As the Competition and Markets Authority investigation into the energy market continues more bad news has hit the Big 6 energy suppliers, with Citigroup forecasting British Gas, Scottish Power, SSE, EDF Energy, nPower and E.ON can look forward to losing up to a quarter of their current customer bases by the end of the decade. If that wasn’t bad enough Citigroup have predicted that the “worst performing suppliers” will exit the market altogether.
Citigroup said:
“We believe there will be a reversal of previous industry consolidation over the coming years as independent suppliers and generators take market share and less competitive players exit.
“nPower, with the highest admin costs per customer and weak customer service score, appears to us least well positioned to retain market share.
“[They will need to] restructure their supply businesses drastically to lower their costs and become price competitive, and improve their customer service experience to stem the flow of customer losses.

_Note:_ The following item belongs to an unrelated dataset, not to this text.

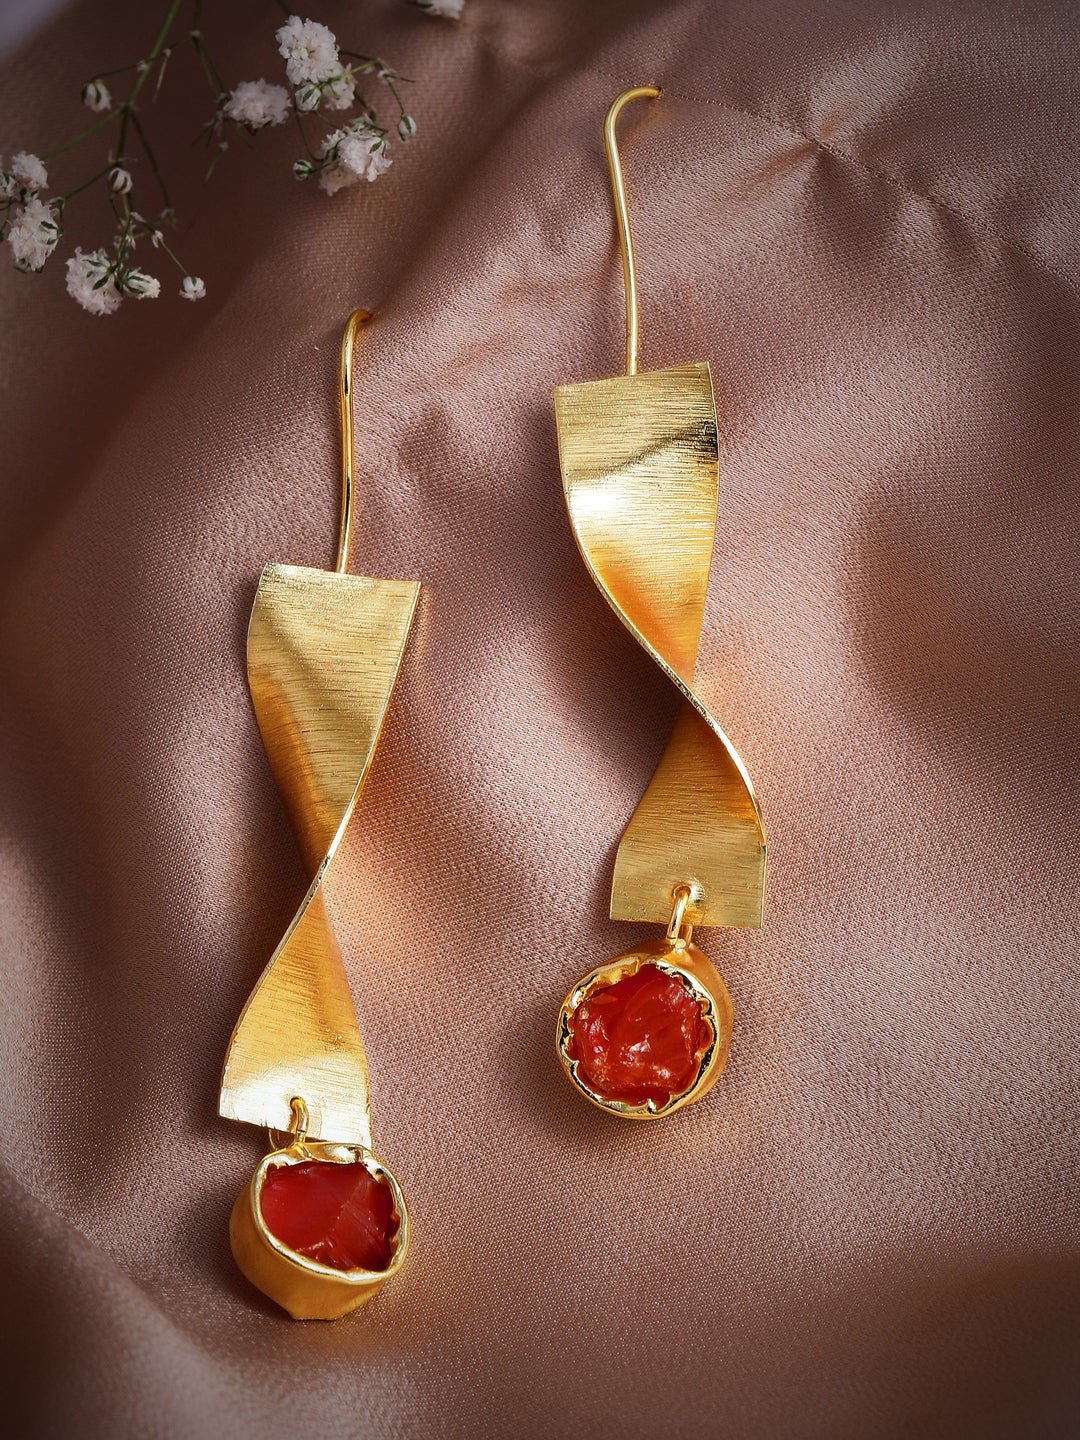 Rubans Voguish 18K Gold Plated On Copper Handcrafted Ribbion Twisted Dangle Earrings. Earrings
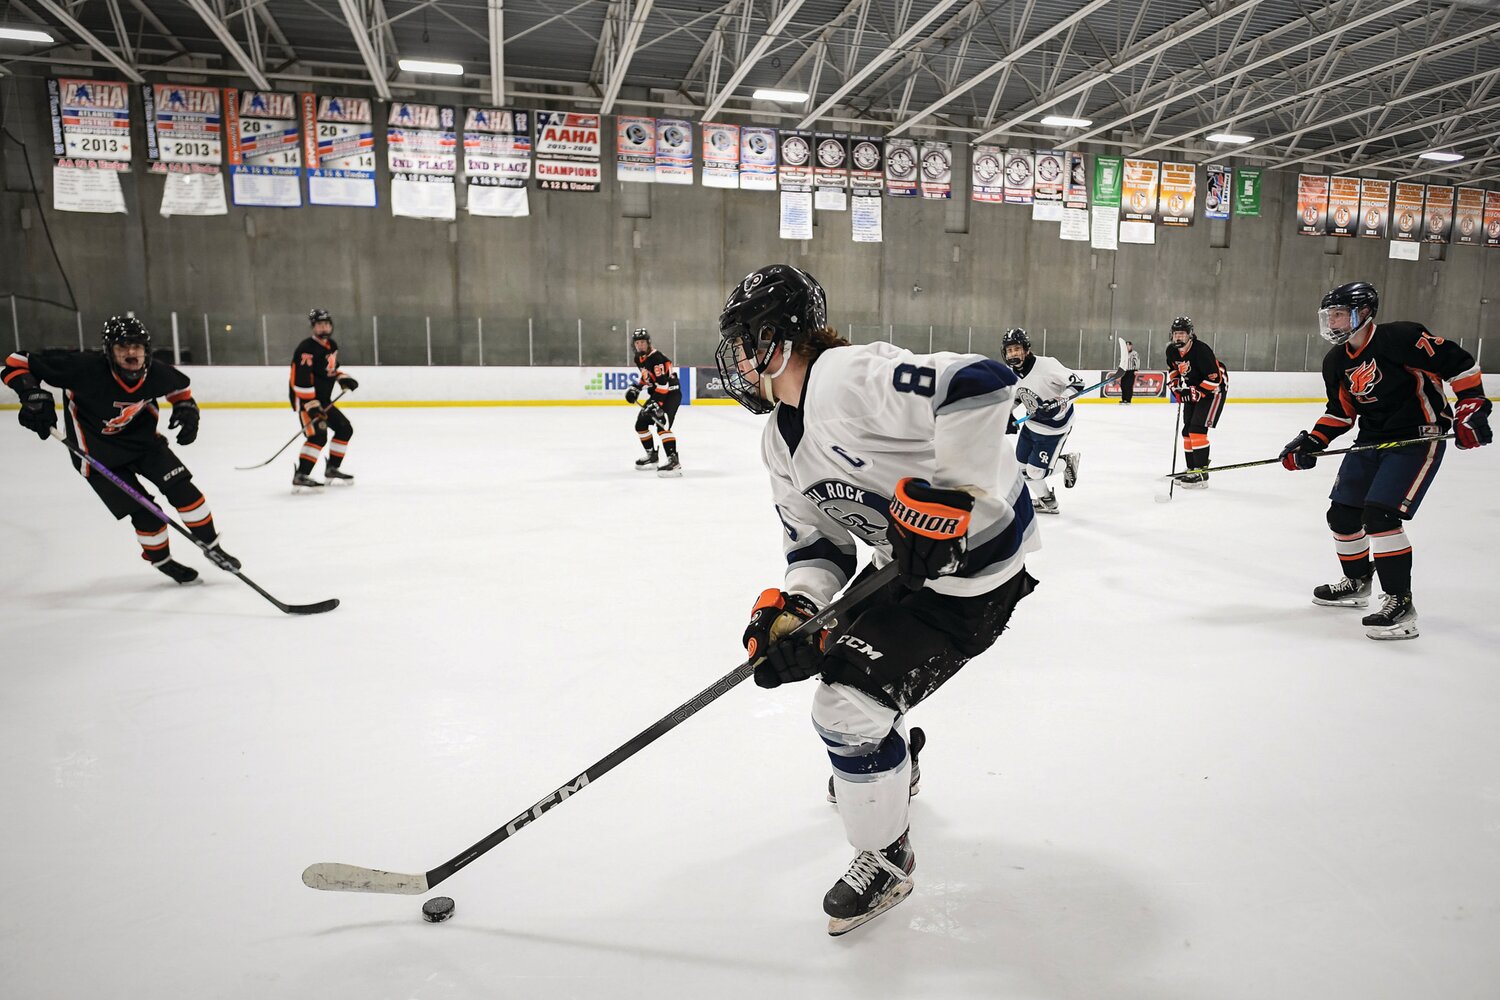 Nicholas Hahn looks for open space in the first period of last Wednesday’s clash with Pennsbury.

“We may well see some participants simply running their supply business to maximize cash flow in the short term and exit the market at some point”.
The choice, according to Citigroup’s analysis is for the Big 6 to retain high prices, supporting current profit levels whilst losing customers to cheaper more fleet of foot rivals or revising pricing levels and profit margins downwards in order to retain business, leaving current business structures and investment at risk.
Indeed Citigroup believe members of the Big 6 may simply decide to sell their customer portfolios in a new round of consolidation or simply leave the UK market altogether.
The official line from the regulator Ofgem and the CMA however is that something needs to change, not least a thorough review of the profit margins and reporting of the Big 6. Whilst no one would pretend all is well in the UK energy market, the consequence of further consolidation, less choice and lower investment are simply not the ingredients of an improving competitive landscape.